RE: Character identities

From: Kent Karlsson (kentk@md.chalmers.se)
Date: Tue Oct 29 2002 - 12:40:03 EST

Next message: John Hudson: "Re: Unicode plane 14 language tags."

Previous message: Doug Ewell: "Re: Unicode plane 14 language tags."
In reply to: Marco Cimarosti: "RE: Character identities"
Next in thread: Marco Cimarosti: "RE: Character identities"
Maybe reply: starner@okstate.edu: "Re: RE: Character identities"
Messages sorted by: [ date ] [ thread ] [ subject ] [ author ] [ attachment ]
Mail actions: [ respond to this message ] [ mail a new topic ]

Marco,

Standard orthography, and orthography that someone may
choose to use on a sign, or in handwriting, are often not
the same.

And I did say that current font technologies (e.g. OT)
does not actually do character to character mappings,
but the net effect is *as if* they did (if, and I hope
only if, certain "features" are invoked, like "smallcaps").
It would be more honest to do them as character-to-character
mappings though, either inside (which OT does not support)
or outside of the font. Capital A, even at x-height, is not
a glyph variant of small a (even though, centuries ago, that
was the case, but then I and J were the same, and U and V,
et and &, ad and @, ...). But displaying U as V (in effect
doing a character replacement on a copy of the input) would
be ok in a non-default mode (using the "hist" feature, say).
My point here is that that replacement (effectively) should
not be done by default in a Unicode font (see Doug's explanation
for what a Unicode font is, if you don't like mine).

> [...] I never heard that U+0364
> (COMBINING LATIN SMALL LETTER E) is part of the spelling of
> modern German or Swedish.

True (that is not part of modern standard orthography),
but I don't see how that could imply some kind of support
for your (rather surprising and extreme) position.

If (and only if!) the author/editor of the text asks for an
overscript e should the font produce one. It is not up to
the font maker to make such substitutions without request,
either by the author/(human) editor changing the text, or by
the author/editor invoking a non-default font "feature"
(via some higher-level protocol, can't be done in plain text).
The "default mode" (for lack of a better term) would be the
one used, well, by default; e.g. on plain text.

> > Other characters have more glyphic variability
> > (informally) associated with them, like A, but some of them
> > have compatibility variants that have a somewhat more restricted
> > glyphic variability, like the Math Fraktur A in plane 1.
>
> More *symbol* characters which escape the general rule.

Math Fraktur A is a letter (of course!). Many letters,
including ordinary A, are used as symbols too.

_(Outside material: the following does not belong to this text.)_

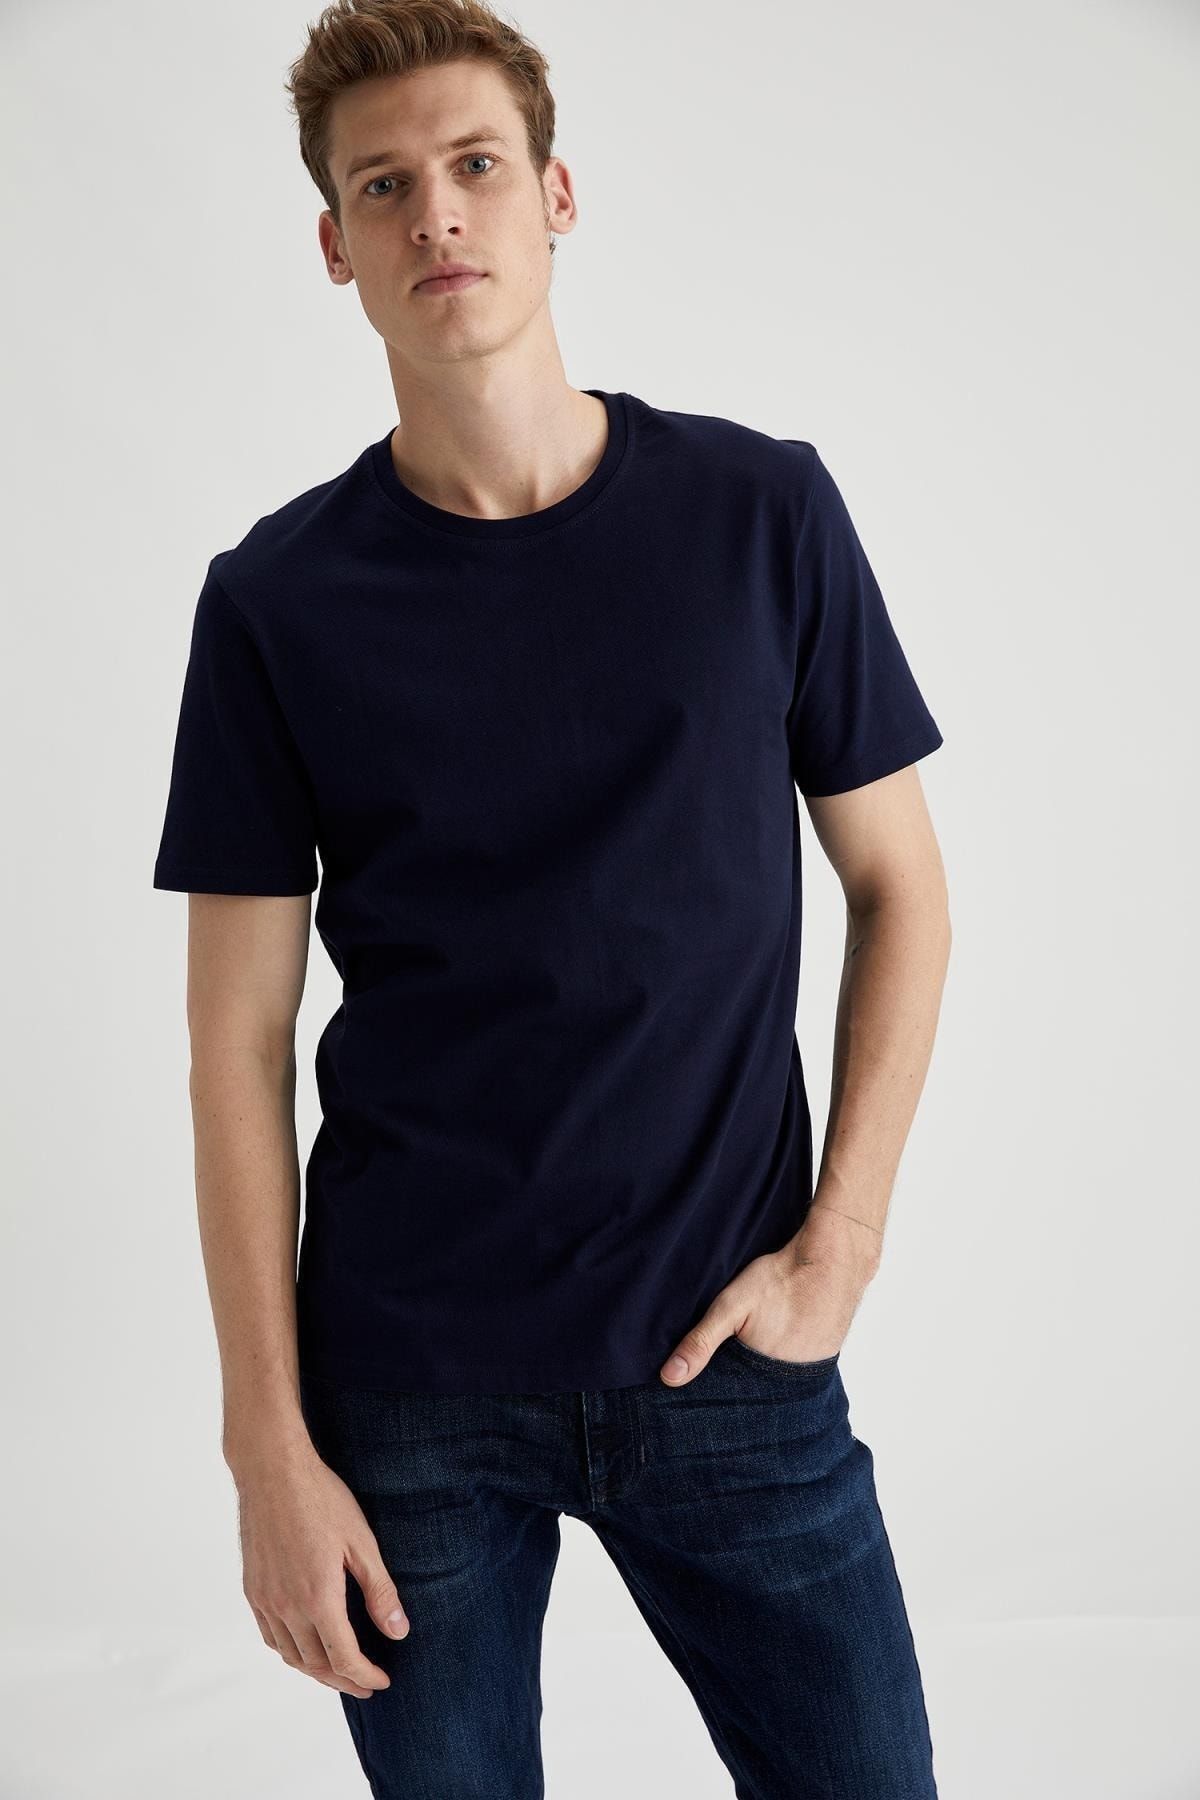 تی شرت آستین کوتاه مردانه رنگ آبی تیره از برند دفاکتو DeFacto (برند ترکیه)

You seem to argue that for "symbols" (whichever those are,
I'm sure you *don't* mean general categories S*...) there is
total rigidity, while for "non-symbols" (whichever those are)
there is near total anarchy and font makers can change glyphs
to something entirely different.

I claim that there are no characters for which there is total
anarchy (except possibly for "view invisibles" of normally
invisible characters), but that there are several degrees
of flexibility (I'm sure someone can list more than three,
but here is a coarse division):

        1. glyph (almost) fixed: Dingbats, estimated sign, ...
           [could possibly be given a rugged look, or texture
           if you want to mimic e.g. a typewriter look]

        2. "abstract" glyph is fixed but there can be minor
           shape variations: diacritics, math symbols (Sm),
           "math letters" (there are several Math Fraktur
           designs, several Math sans-serif designs, etc.
           that could suit), Arabic presentation forms (initial/
           medial/final/isolated decided but other aspects are
           not fixed, maybe this case is between 2 and 3), ...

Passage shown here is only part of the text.